Infiltrations from across the LoC are not a new phenomenon. These have been going on for years with the Pakistani Army providing firing cover to the infiltrators. Pakistan’s strategy on infiltrations, however, changed this year. Previously, Pakistan generally used to help the armed terrorists infiltrate the state through selected routes of the 740 km long Line of Control before the start of winters when the snow on the mountain passes made it difficult to cross-over. The motive behind the infiltrations during the summers then used to be that the terrorists did not let the state acquire stability during the winters. But this year, there has been an escalation in infiltrations during the winter months.

It is not for the first time that 2003 ceasefire violations have taken place. Such violations had sporadically been taking place in the past too, often resulting in casualties and injuries to security men of the two countries guarding the LoC. However, in the past few weeks, the ceasefire violations by the Pakistani Army escalated. Pakistani Army lent these violations a dangerous dimension by not only brutally mutilating the bodies of the two Indian Army jawans it killed, but also by taking away the head of one of the jawans whom it had beheaded.

What raises suspicion about the intentions of the Pakistani Army is its stepping up of ceasefire violations a week after declaring its new doctrine. The doctrine describes that in place of India as Pakistan’s ‘Enemy Number One’, it now treats homegrown militant groups and their unabated terrorist attacks on government installations, besides Taliban fighters in the restive tribal regions, as the biggest security threat to the country.

Pakistan seems to have adopted a two-pronged strategy towards India: continue the peace process, thus increasing the scope of trade between the two countries; and, bring the Kashmir issue back on the live agenda and make fresh efforts to internationalise it. This is indicated by the fact that Pakistan demanded an inquiry by a UNO agency into the Indian government’s charge against Pakistan Army’s cruelty in beheading the killed Indian jawan and decamping with his head.  
The question whether declaration of the ‘New Doctrine’ was meant to serve as camouflage for Pakistan’s aggressive designs on the Jammu and Kashmir front needs to be seen in this context. Three reasons highlight such a possibility.

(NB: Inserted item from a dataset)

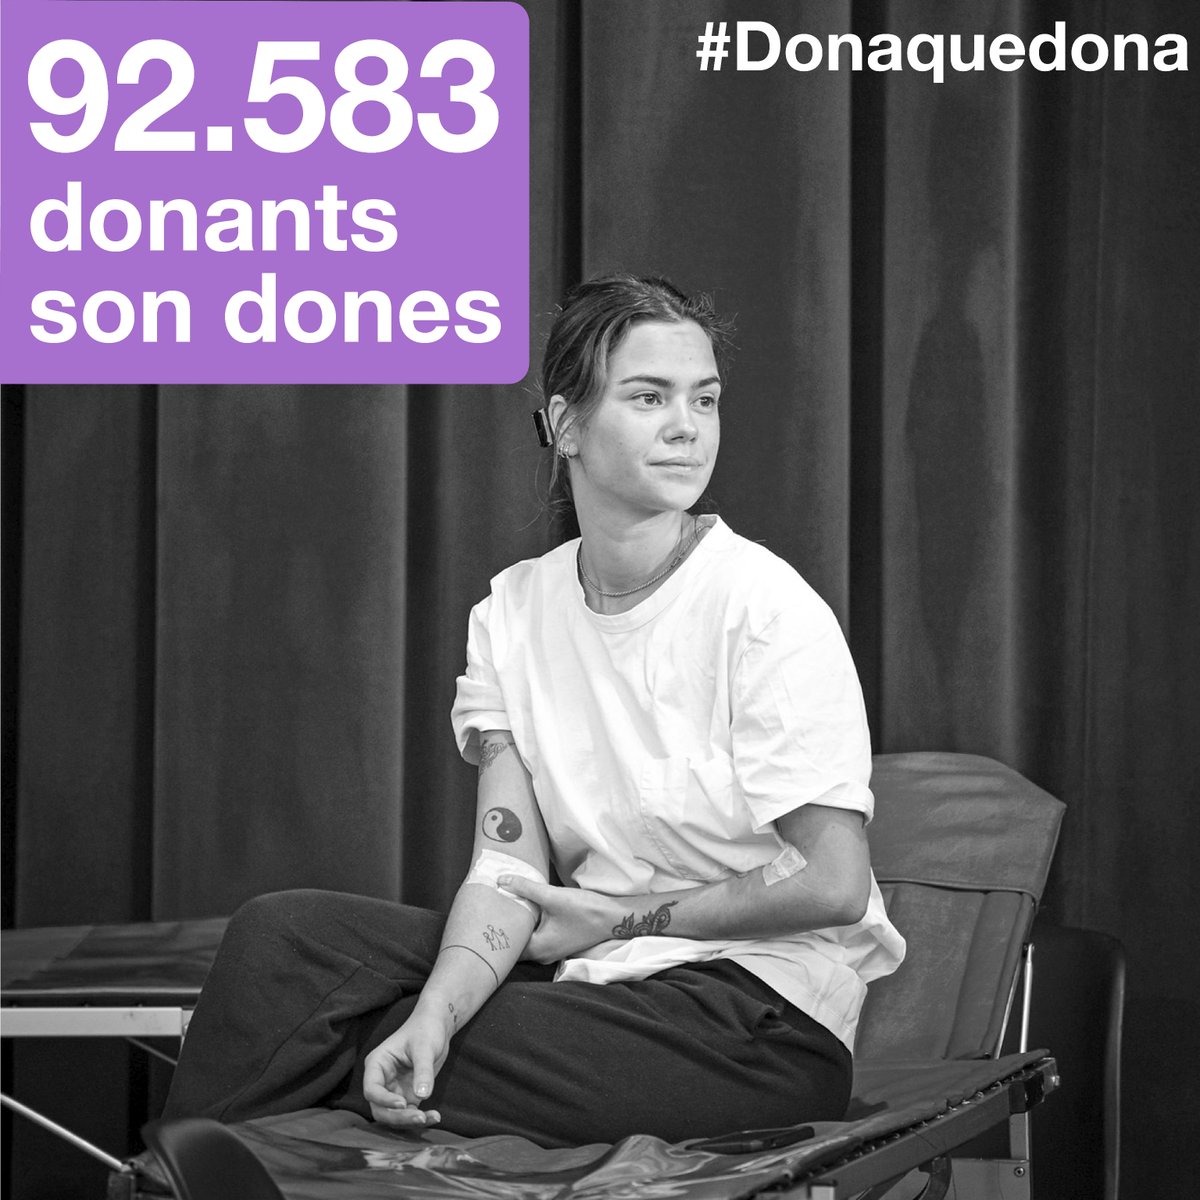 Amb orgull compartim que a Catalunya 92.583 donants son dones. El seu compromís i generositat són un exemple per a tothom. #DonaqueDona #DiaDeLaDona #Donapower #DonacióDeSang #Diainternacionaldeladona #8M #Diainternacionaldelamujer

The most important reason is that Pakistan wants to resurrect the Kashmir issue, which, in the eyes of even the UNO, has lost its relevance. This view is supported by the fact that after last week’s stepped-up ceasefire violations and the brutal killing of two Indian soldiers, Pakistan has suspended trans-LoC trade and bus service only between Jammu and Kashmir and the Pakistan Occupied Kashmir. The travel and trade via Attari-Wagah land route continues uninterrupted. Another reason behind the attempts to bring back the Kashmir issue on the live agenda appears to be the forthcoming elections in Pakistan, which the army bosses might be thinking of influencing for helping the party of their choice. They might be calculating that by raising tensions on the Kashmir issue they might be able to divert the Pakistanis attention from the failure of the government and the army to check rising terrorist violence within the country.

Besides, it also might help divert the Pakistanis anti-US anger as America has since softened its tough anti-Pakistan stance it had adopted a few months ago. The US has also resumed paying the suspended financial grants to Pakistan.

The most important development that needs to be watched is the likely impact of the US troops withdrawal from Afghanistan in 2014 on Jammu and Kashmir situation. Although during their last week’s talks in Washington US President Barack Obama and Afghanistan President Hamid Karzai have recommitted their countries to a reconciliation process between the Afghan government and the Taliban, it will be ignoring the history that any reconciliation, even if reached with the Taliban, will stop Taliban violence in Afghanistan. It is likely to prove shallow. As Pakistan’s own experience shows that it has become a victim of Taliban attacks although it, supported by the USA, had helped Taliban assume power in Afghanistan after the withdrawal of Soviet troops in 1988.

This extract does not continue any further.